As I reach the bottom of the stairs I bump into Benjamin. “Well, good morning, Sydney,” he says, looking startled “I had no idea you’d be awake so early.” He’s wearing a hooded, pine-green Addison College sweatshirt, gray sweatpants, and sneakers. “I’m just on my way out for a walk in the crisp morning air. Would you like to join me?”
“Honestly, Benjamin,” I say. “I really need to get home. Something rather urgent has come up. I hate to be a bother, but if there’s any way I could get a ride, I would be tremendously grateful.”
“I’ll gladly drive you home, dear,” Benjamin says. “But perhaps you’d like to tell me what’s going on so I can help you.”
“It’s not about the possible break-in or the letter, or anything like that,” I say. “It’s something personal.” I feel tears welling up in my eyes and I try as hard as I can to blink them away. Apparently I’m not very successful because Benjamin says, “No need to cry. I’ll grab my keys and some tissues for you and we’ll be off. You go grab your coat.”
I don’t want that fucking Christmas-present-coat from that piece of shit son of yours
, I think. But I say, “Oh, I spilled some wine on my coat yesterday. Henry told me he’d send it to the cleaners. And I’ll be fine on the short drive home. No worries.”

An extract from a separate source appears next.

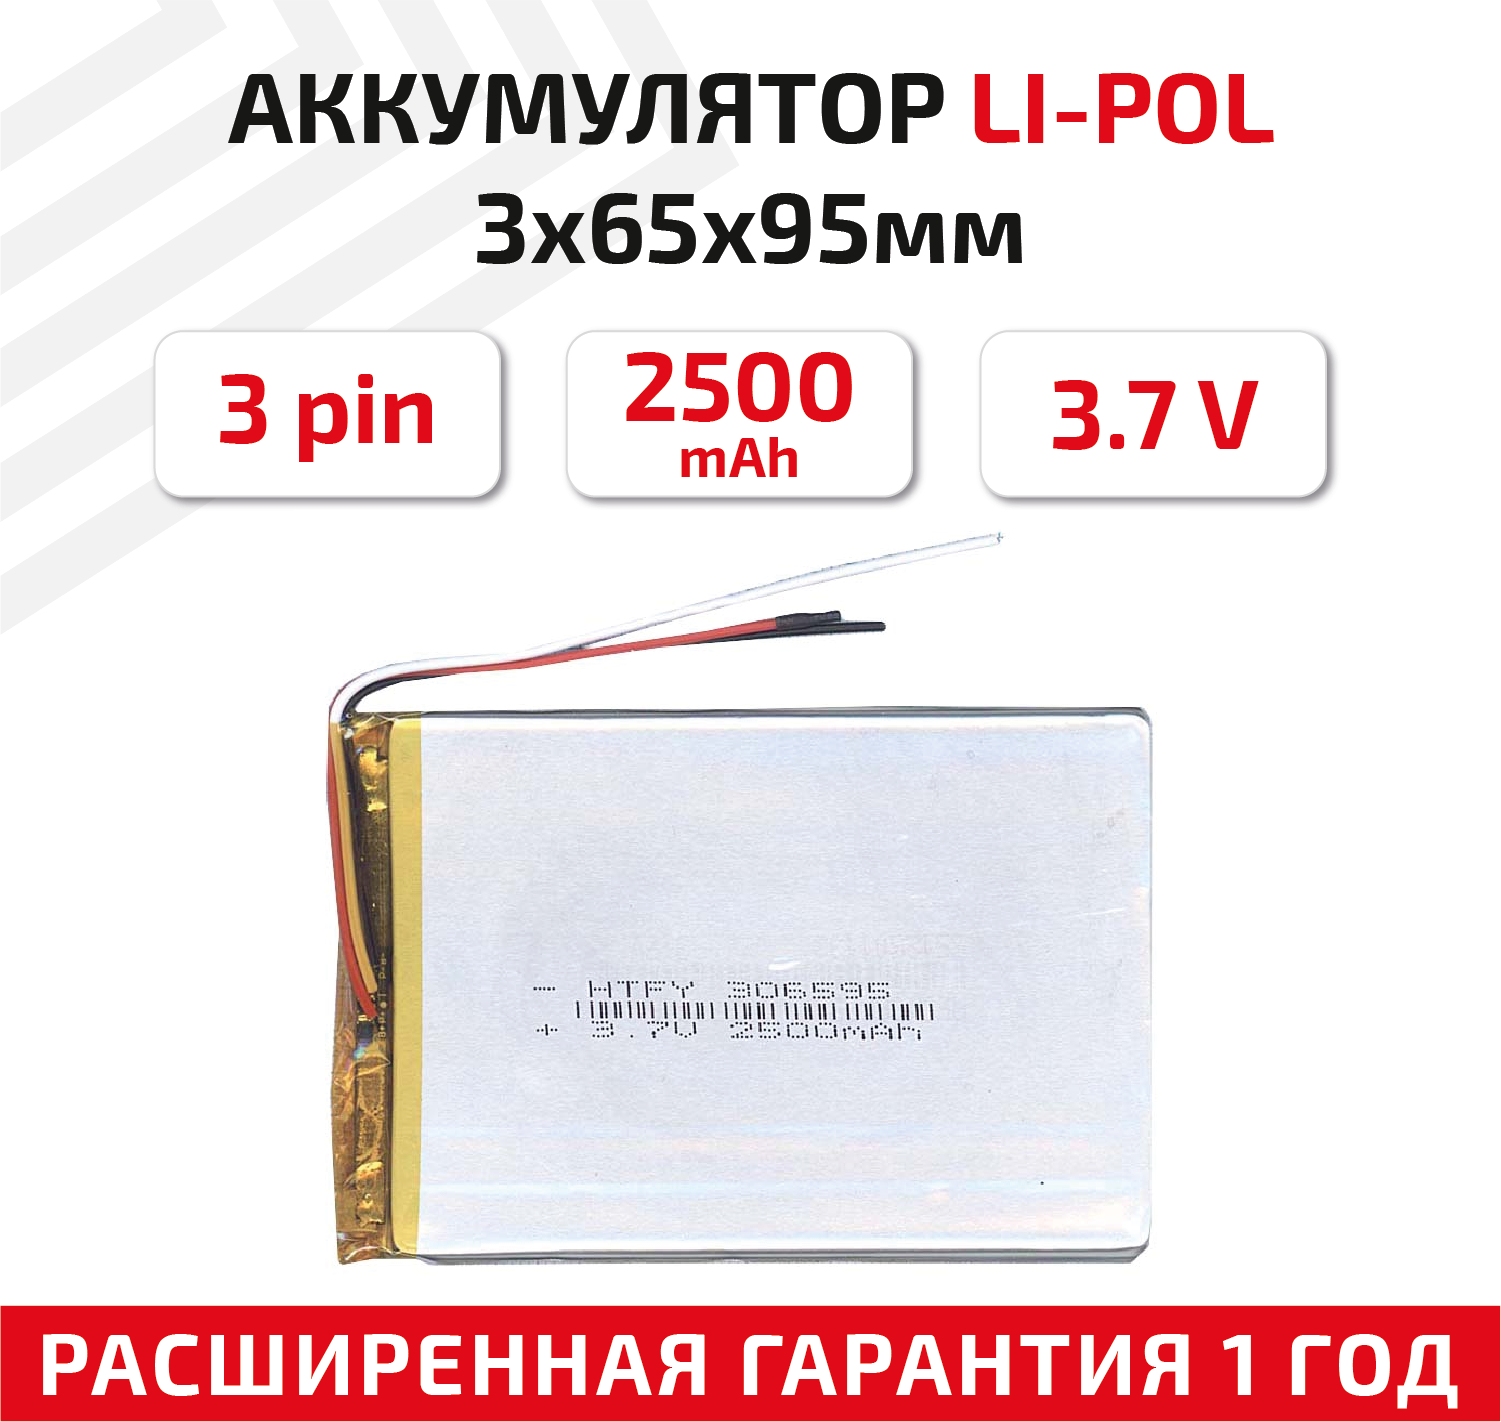 Универсальный аккумулятор (АКБ) для планшета, видеорегистратора и др, 3х65х95мм, 2500мАч, 3.7В, Li-Pol, 3-pin (на 3 провода)

“As you wish,” Benjamin says.
I put on my stilettos and step outside into the frosty morning with Benjamin. I am frozen within seconds and I can’t wait to get into the car. Benjamin drives a sleek, black BMW. It’s the most luxurious car I’ve ever been in, with smooth tan leather seats and a leather steering wheel.
“I hope all the roads are open,” Benjamin says as he rounds out of the circular driveway. “The town isn’t expecting much traffic today.”
“Me too,” I say.
Benjamin drives slowly and makes small talk, which I’m really not in the mood for. “When Henry was a little boy,” he says, “we’d have a children’s Christmas party every year. We decorated the estate with reindeer and hired a Santa Claus to hand out gifts to each child. Carolyn made decorations with the children and everyone got a stocking to stuff with presents for children in need. Then Carolyn, Henry, and Santa Claus would deliver the stockings to shelters in the area, doing their best to spread happiness.”
“How nice,” is all I can manage to spit out, because what is really going through my head are thoughts like:
So you taught him to be charitable. That’s great. Honesty would have been good, too.
Benjamin pulls up in front of my building and offers to walk me in. “I’m fine,” I say. “Thanks so much for the ride. I really appreciate it.”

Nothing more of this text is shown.